Different from other standard structure-prediction comparative modeling algorithms, I-TASSER creates a 3D model based on structural fragments from different templates ⁶. Generally, I-TASSER will choose the best available fragment to build a model based on the sequence identity between query and templates. Nevertheless, I-TASSER allows limiting the quality of templates chosen from the template library. To examine the overlap between the patches of the models and solved structures as a function of model quality, we tested six different groups of models differing in the cutoff defined for the best sequence identity of the model to the template (10%, 15%, 30%, 50%, 70% and 95% sequence identity). For each group, we compared the overlap between the “model patch” and the “real patch”. As shown in Figure 1, the MCC dropped significantly below the 30% sequence identify cutoff (from 0.31 in 95% to 0.16 in 10%), suggesting that prediction quality decreases when the templates available are not evolutionary related. However, MCC values did not vary significantly between the 95%, 75% and 50% cutoffs. Overall, the calculated MCC values ranged between −0.58 and 0.96. Taken together, these results suggest that when a close homologue (>30% sequence identity) is available, the patchfinder is not highly sensitive to the model’s accuracy. However, for low-quality models patchfinder cannot be used as an accurate predictor of the electrostatic patch. Based on these results we decided to select the default option of 95% cutoff for further investigation. It is important to emphasize that the models further used in the study were of variable qualities, ranging from 21% to 95% sequence identify to the template with variable coverage lengths (Table S1). Detailed information on each of the individual models is available at http://zhanglab.ccmb.med.umich.edu/RNA_project/ (see example in Materials and Methods)

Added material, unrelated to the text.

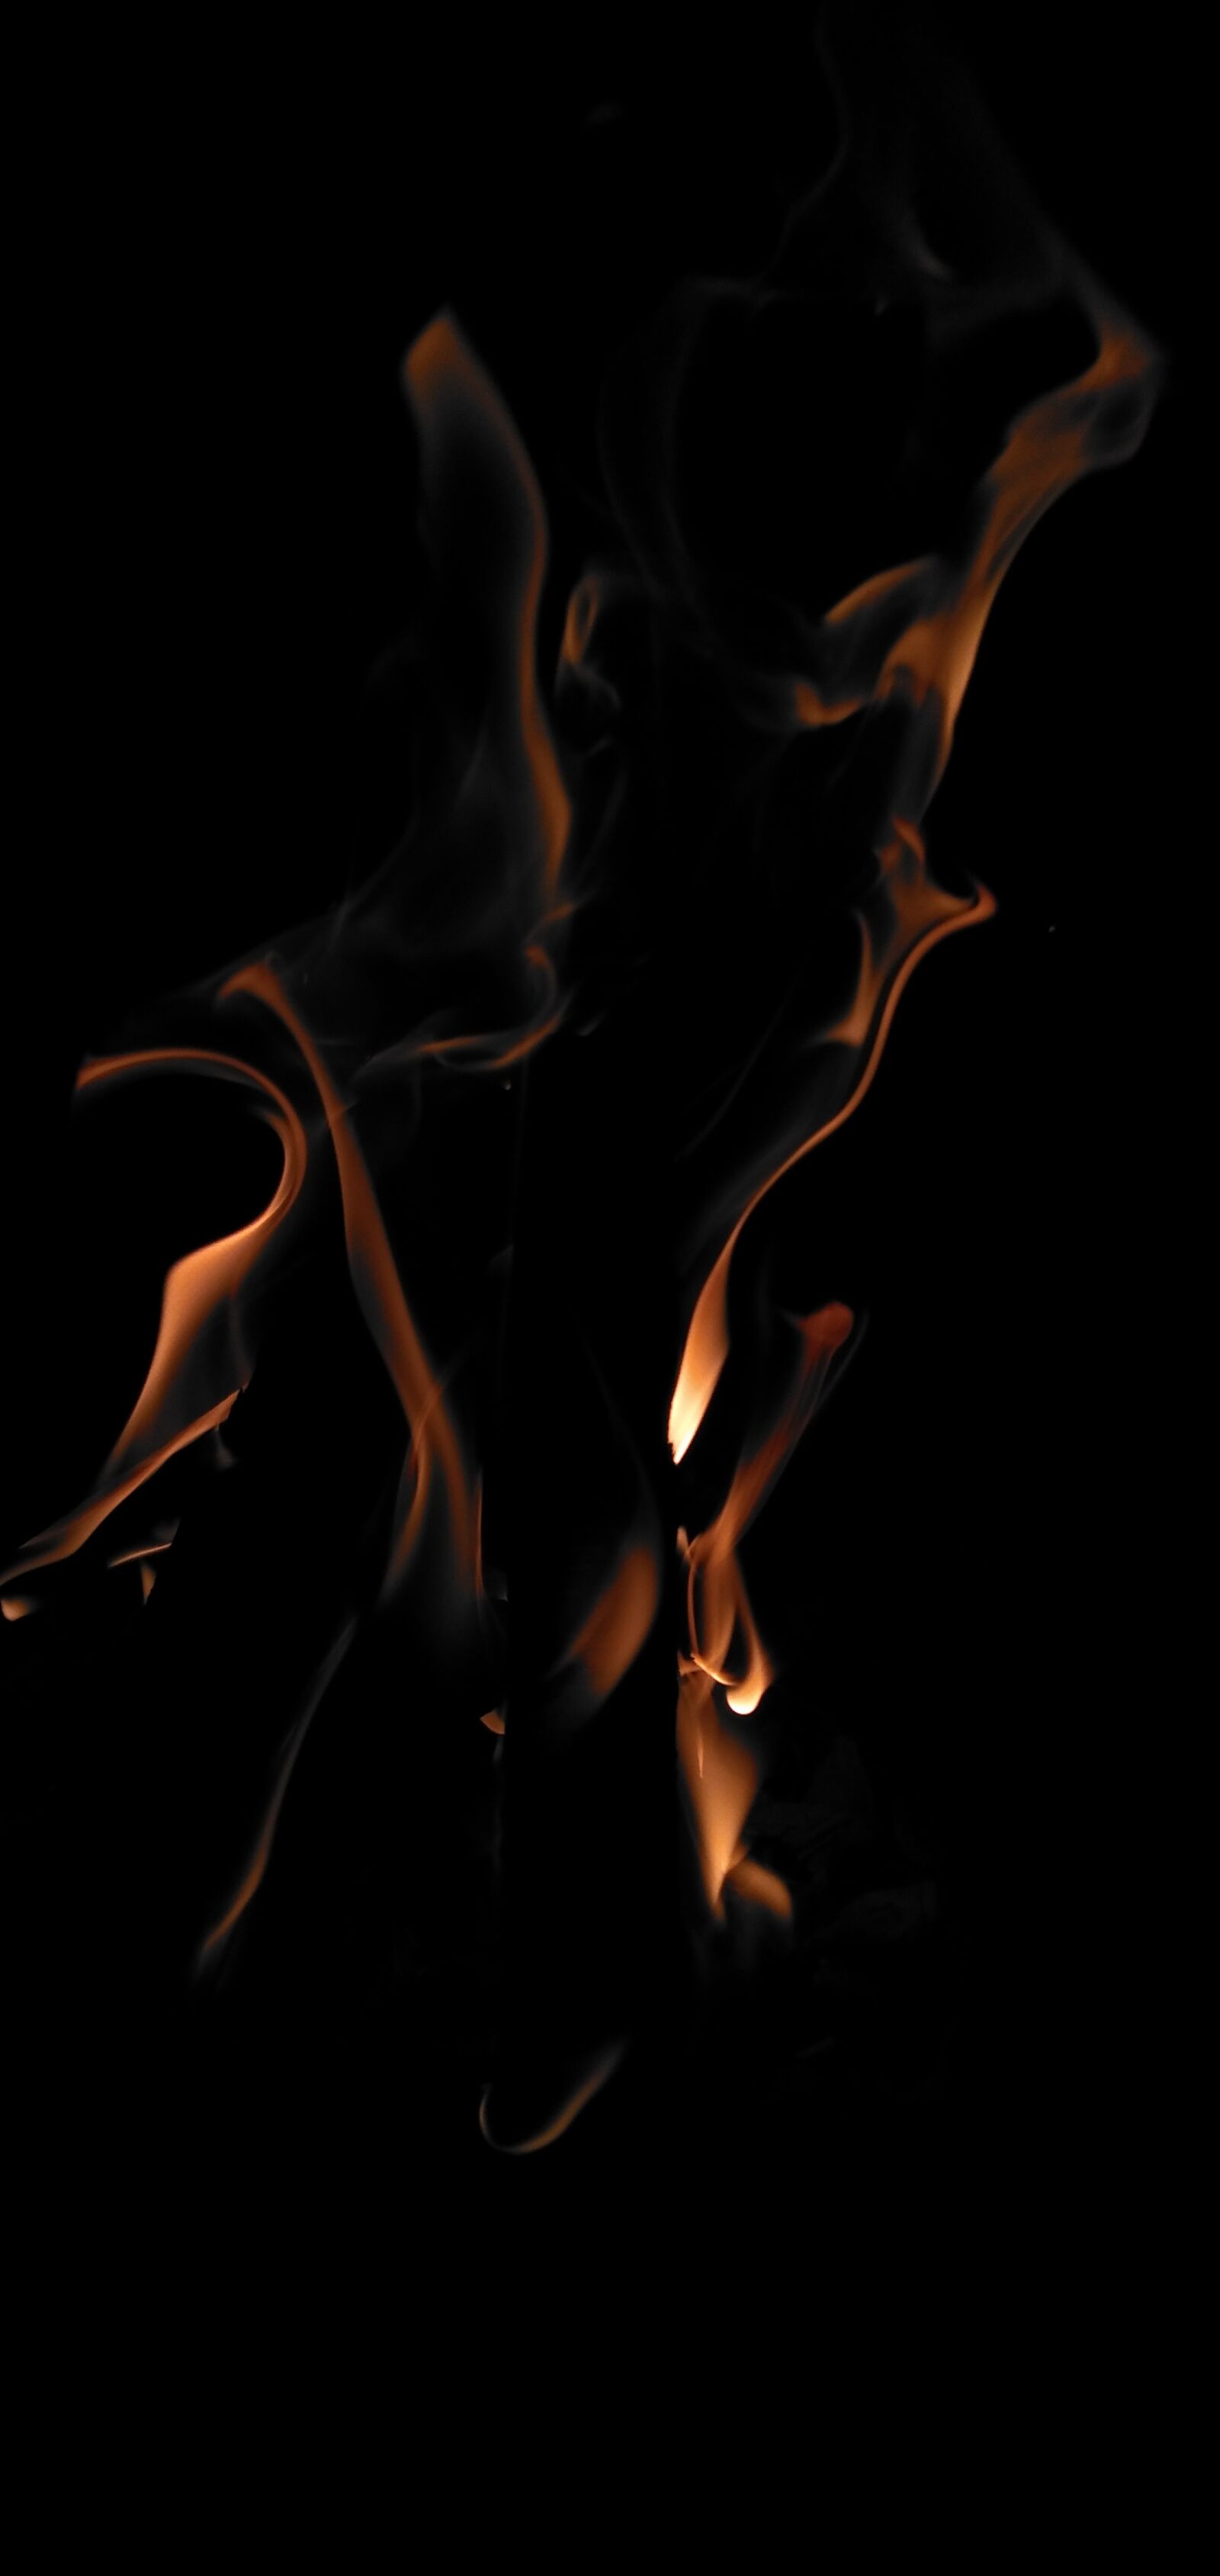 vivo V9 sample photo. Fire, flame, heat photography

The histogram represents the mean MCC between the largest positive patch calculated using each I-TASSER model and the solved structure. Standard deviations are shown.

Combined information from several models contributes to patch sensitivity

As demonstrated in Figure S4, the I-TASSER models calculated for a given protein can differ considerably from one another resulting in different electrostatic patches. We speculated that if an AA is predicted to be included in the largest positive patch in several different models, it is more likely to be part of the “real patch” (i.e., the patch predicted on the solved structure). To investigate this, we defined a new term, we named: “combined patch,” which includes only AAs that were predicted to be included in the “model patch” in at least x models (x ranging from 1 to 5). Further, we compared the “combined patch” to the “real patch” and evaluated the overall sensitivity and specificity (PPV) of the method to detect the real patch (Fig. 2). Notably, the analysis was performed only for the 55 proteins for which five I-TASSER models were available. As illustrated in Figure 2A, the positive predicted value between the “real patch” and the “model patch” increased as the “combined patch” was constructed from a larger number of models. On the other hand, as expected, the sensitivity of the “combined patch” improved when we were less stringent (e.g., the patch was constructed from AAs found in the patch in at least one model) (see Fig. 2B). Overall, as demonstrated in Figure 2C, the MCC, which takes into account both sensitivity and specificity, reached its peak (median=0.38) when including at least three models in the “combined patch” and declined gradually when requiring that the AAs will be present in all four or five “model patches”.

The box plots illustrate the (A) PPV (B) sensitivity and (C) MCC (see Methods and Materials) between five different “combined patches” and the “real patch”. Each bar represents results obtained when considering a different number of models required to define the AAs included in the patch (see text for details).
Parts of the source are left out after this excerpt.